Even though not statistically significant, 40.7 % (n = 11) of patients with problem drinking had psychotic relapse. In addition, 31.6 % (n = 36) of patients with moderate level of khat abuse had relapse. This could be because of the fact that patients use psychoactive substances to get relief from the symptoms of the illness and side effects. A study conducted in Ethiopia at Ammanuel Hospital on patients with schizophrenia showed that alcohol and khat abuse were contributing factors for relapse of psychotic symptoms and re-hospitalization [15]. Another literature review on substance mis-use and mental illness showed that alcohol use even with small amount was associated with increase symptomatology and rehospitalization [13]. A study conducted in Australia showed that substance mis-use was significantly associated with relapse of positive symptoms [14].
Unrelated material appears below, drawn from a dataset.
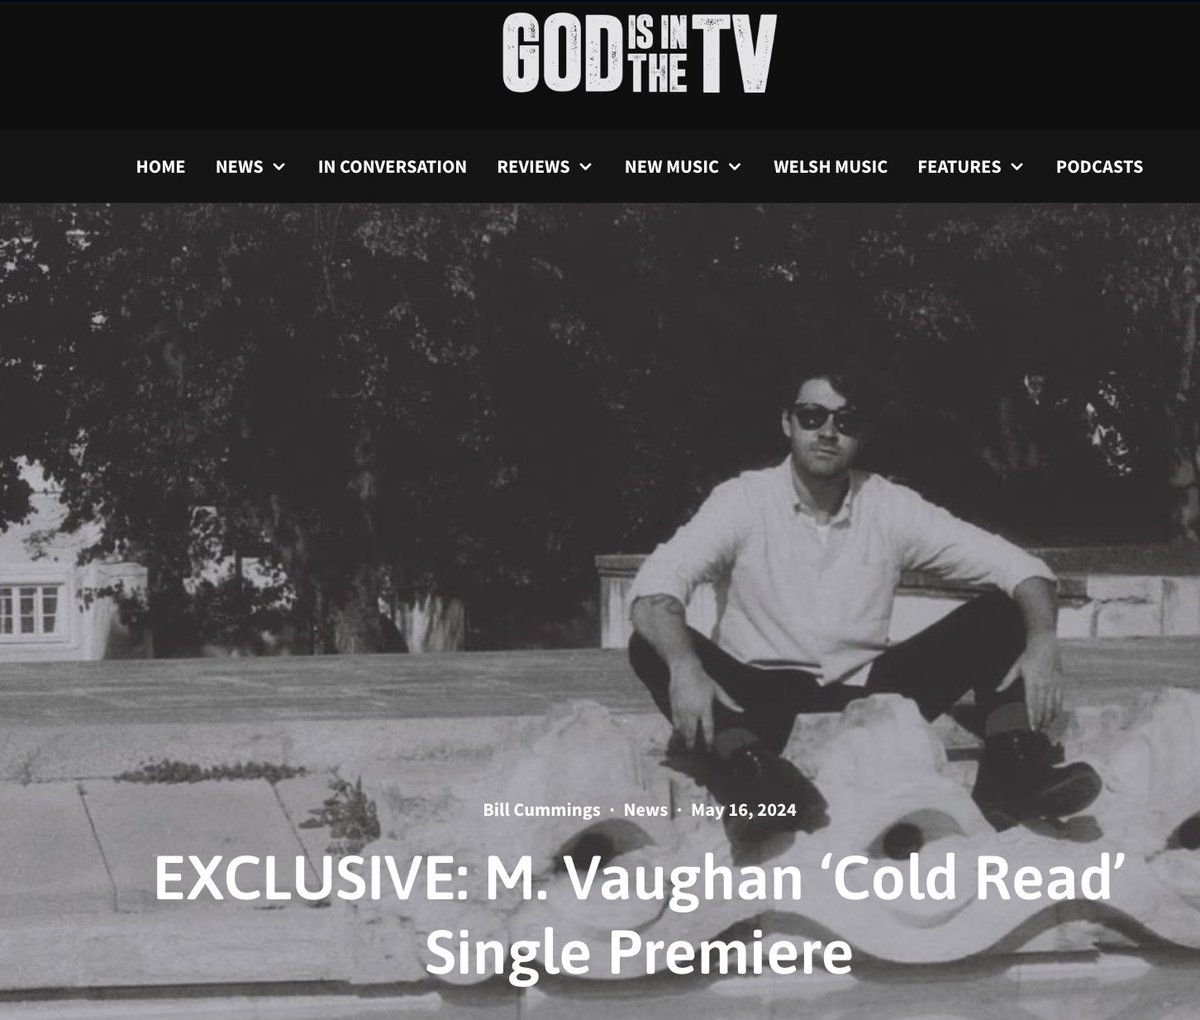 The 'Cold Read' single from M. Vaughan premieres today with @godisinthetv! Listen: godisinthetvzine.co.uk/2024/05/16/exc…

Comorbidity of medical illnesses in this study on patients who had relapse was 37.5 % (n = 9). The study conducted in South Africa on patients with schizophrenia showed that 45.5 % (n = 6) of patients had comorbid medical illnesses [40].

Nearly 27.3 % (n = 45) of participants who had long duration before treatment had relapse of psychotic illness. In this study, duration of untreated psychoses (DUP) was not significantly associated with relapse. Study conducted in USA found that there is positive correlation between DUP and number of relapses [18].

In this study nearly one-forth (n = 70) of respondents with diagnosis of schizophrenia had relapse. This could be due to the nature of the illness. Study conducted in Hong Kong on first episode psychosis showed that the diagnosis schizophrenia was associated with increased risk of relapse [39].

Our current study has used standard scales and instruments such as MARS, AIMS, DAST-10, CAGE and SSQ-6. The findings have implications for health program design and service improvement especially for the country and context. Our study has some limitations. First, the instrument we used for assessing medication side effects (AIMS) assesses only extra pyramidal side effects. This might have underestimated the rate of medication side effects faced by participants. Secondly, the study design is cross sectional in nature; hence, it was difficult to identify the cause and effect relationship between study variables.

Conclusions

In this study, about one-third of the respondents had relapse. Living with family, seeking religious support, high social support score and compliance with medication were independently associated with reduced odds of developing psychotic relapse. Experiencing medication side effects was associated with increased odds of developing psychotic relapse. Clinicians need to detect and manage medication side effects faced by the patients. Intervening noncompliance to medication may help in preventing psychotic relapse that may result because of non-compliance. The linkage of patients to social and religious supports may help the patients in improving compliance to medication and reducing psychotic relapse. Moreover, developing and strenghtneing community based rehabilitation services with components such as psycho education, family intervention, relapse prevention, adherence support and stress and anger management, is needed. Further studies are needed to identify effective and feasible interventions that address compliance to medication.